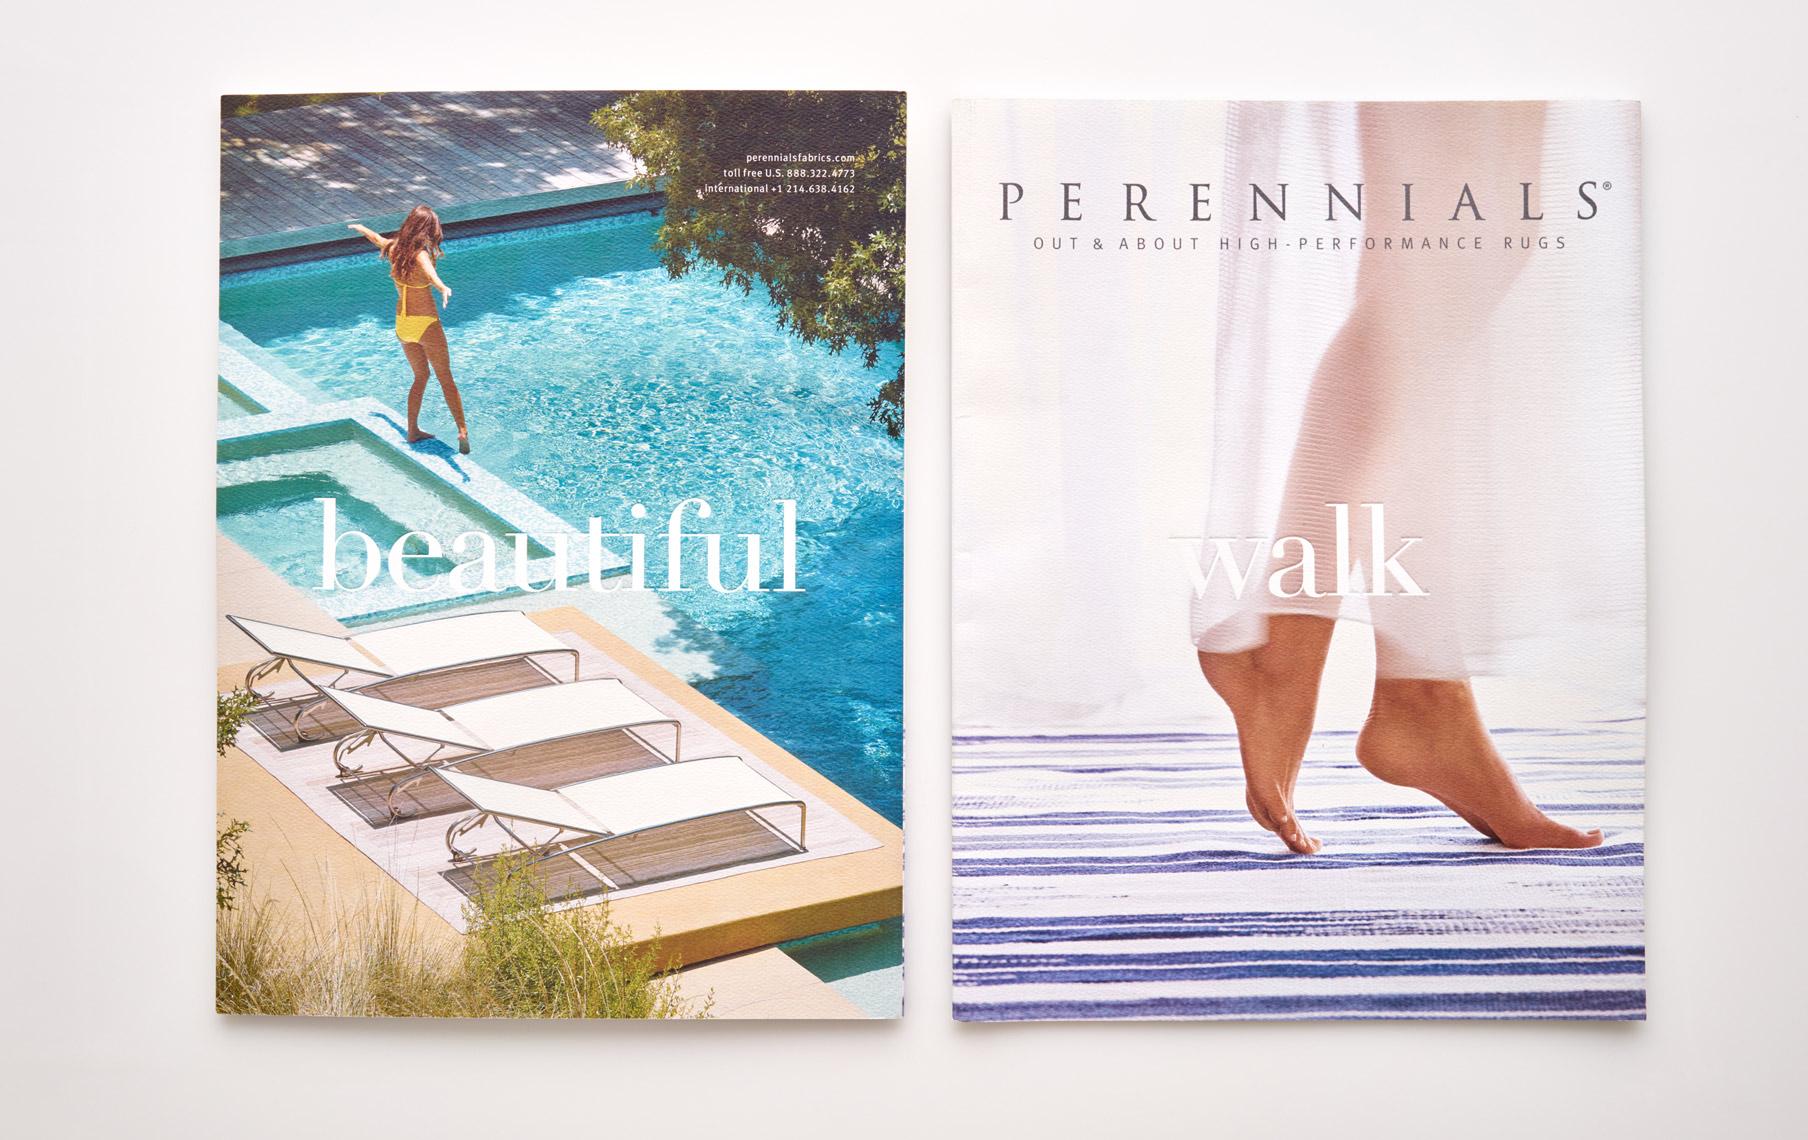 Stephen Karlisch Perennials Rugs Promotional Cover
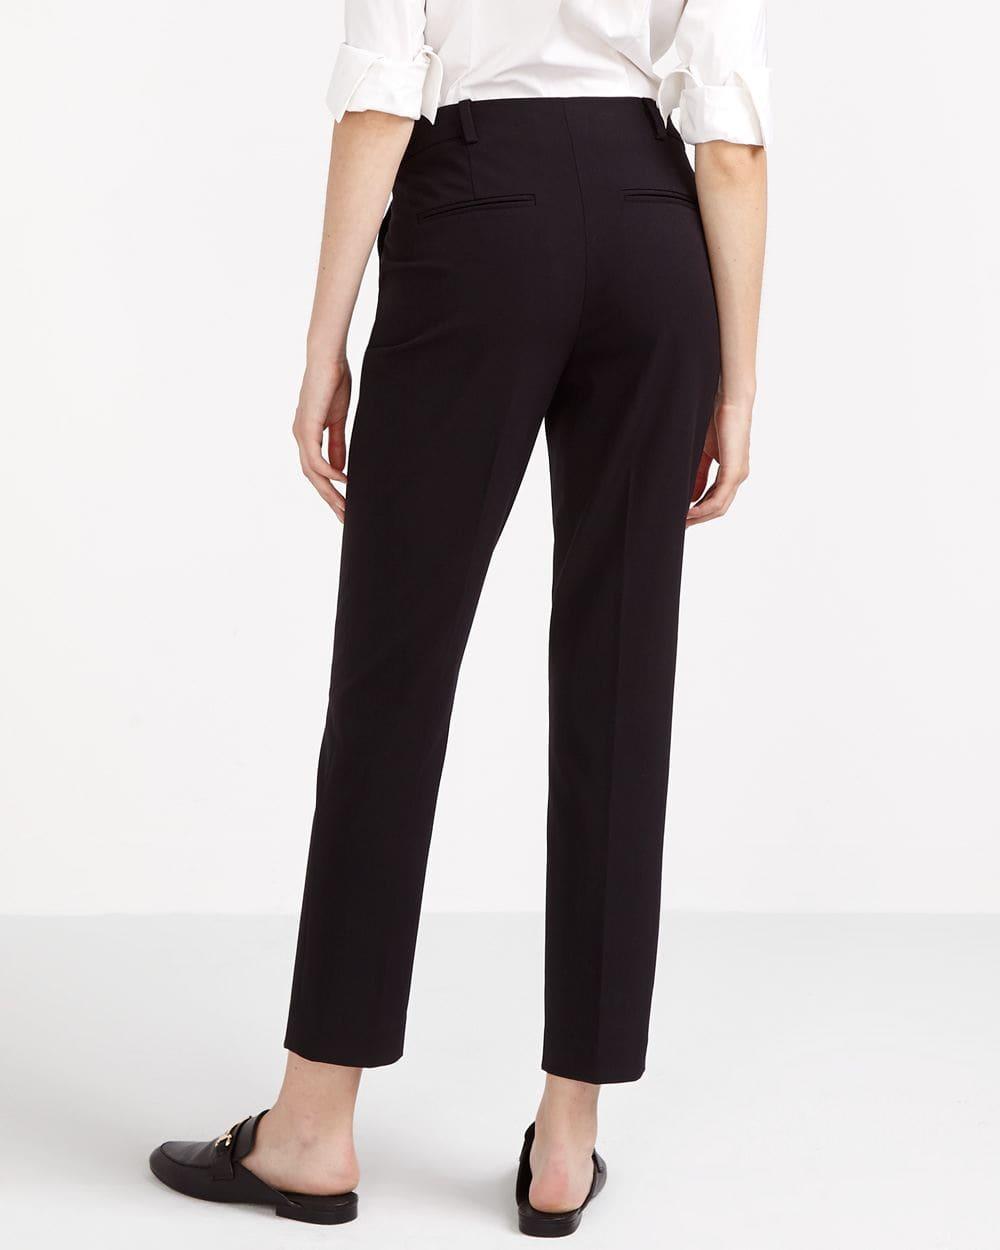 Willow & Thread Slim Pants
□ □ □
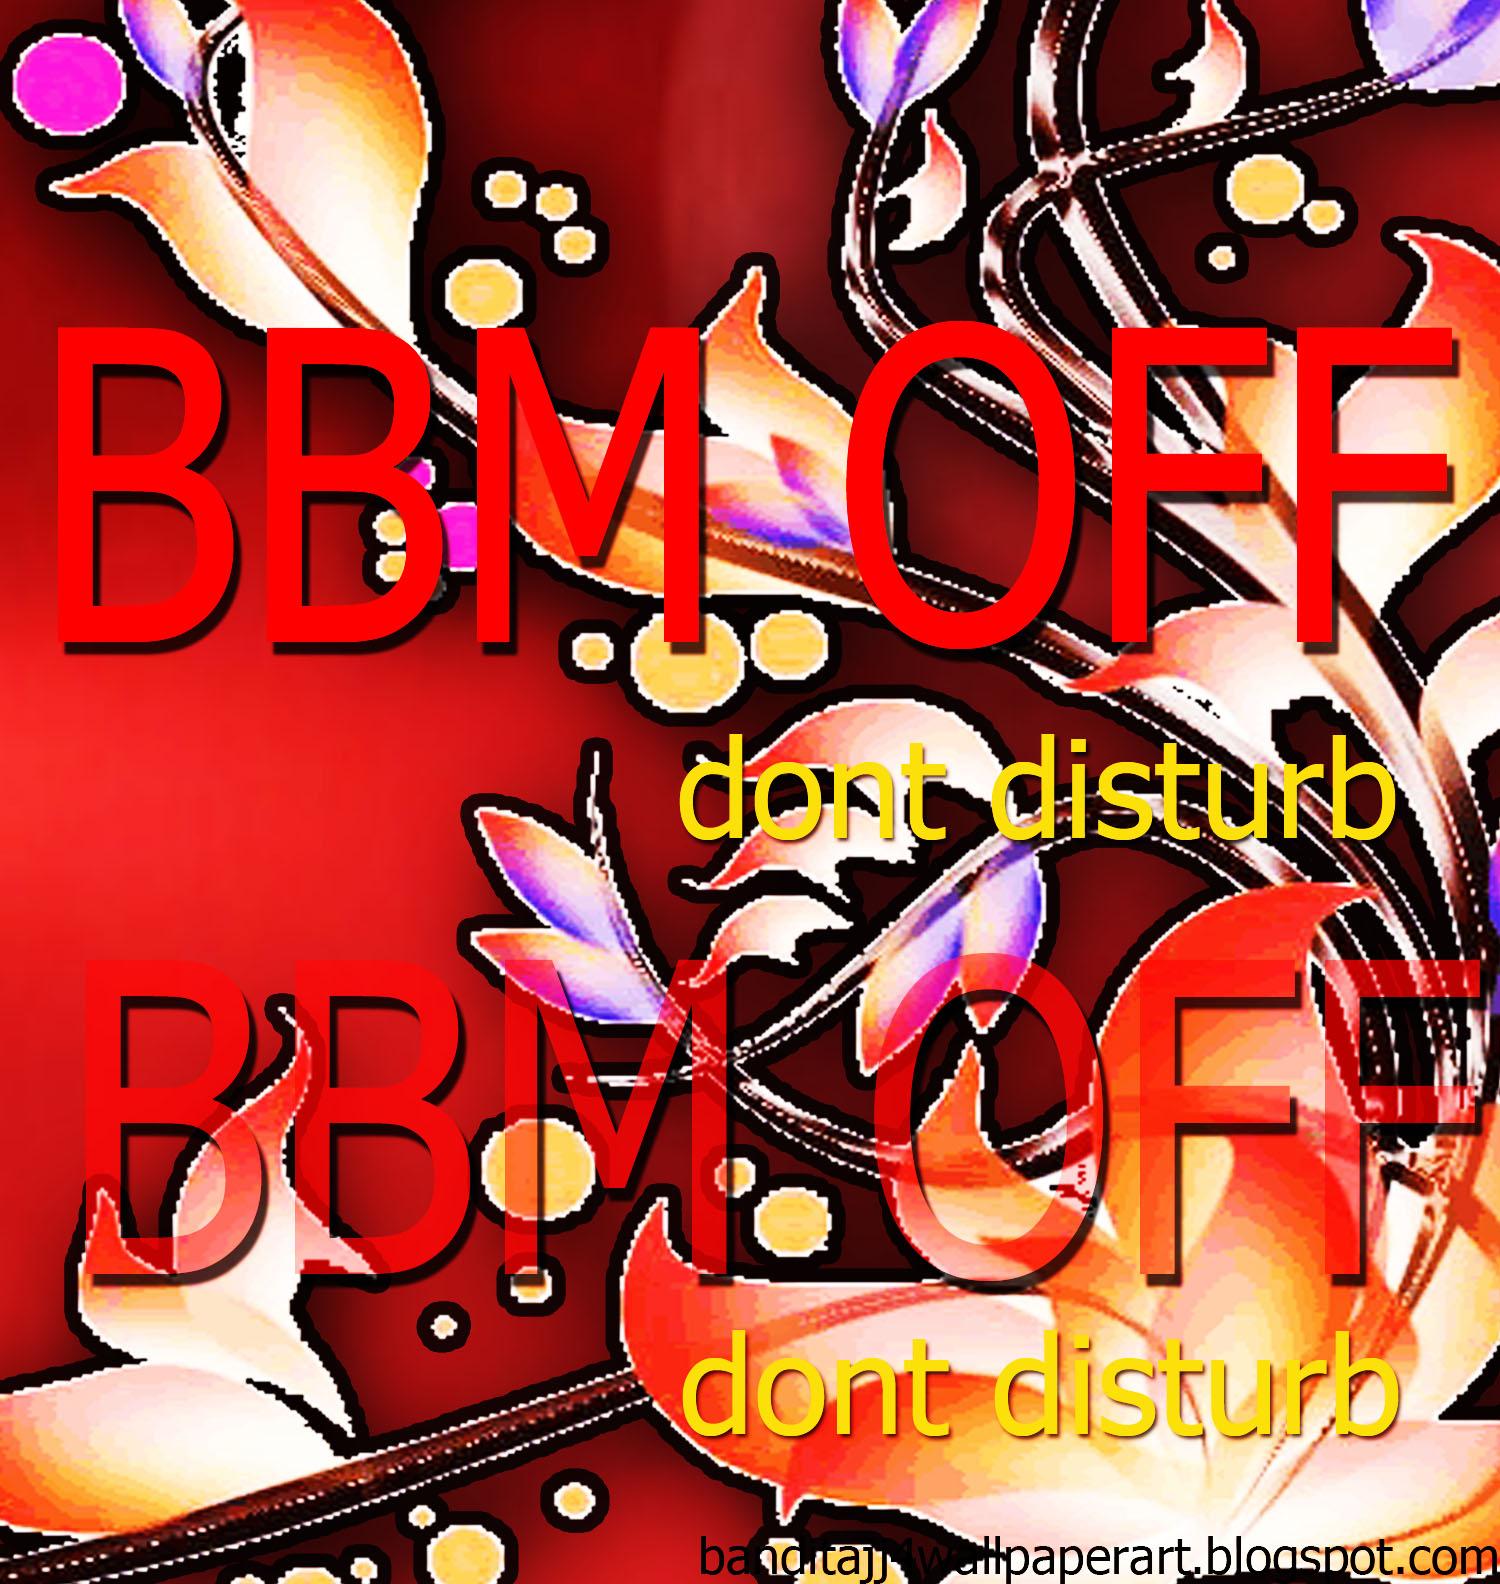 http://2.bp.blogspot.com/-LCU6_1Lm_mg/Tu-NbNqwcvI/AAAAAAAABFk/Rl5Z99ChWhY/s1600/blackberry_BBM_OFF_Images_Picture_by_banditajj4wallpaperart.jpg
□ □ □
#### [Your assignment]
Going back to the data above, write out everything from the line with "Stephen Karlisch Perennials" down to the line with "Willow & Thread Slim Pants", both included, leaving every picture out.

#### [Completed exercise]
 Stephen Karlisch Perennials Rugs Promotional Cover
 Willow & Thread Slim Pants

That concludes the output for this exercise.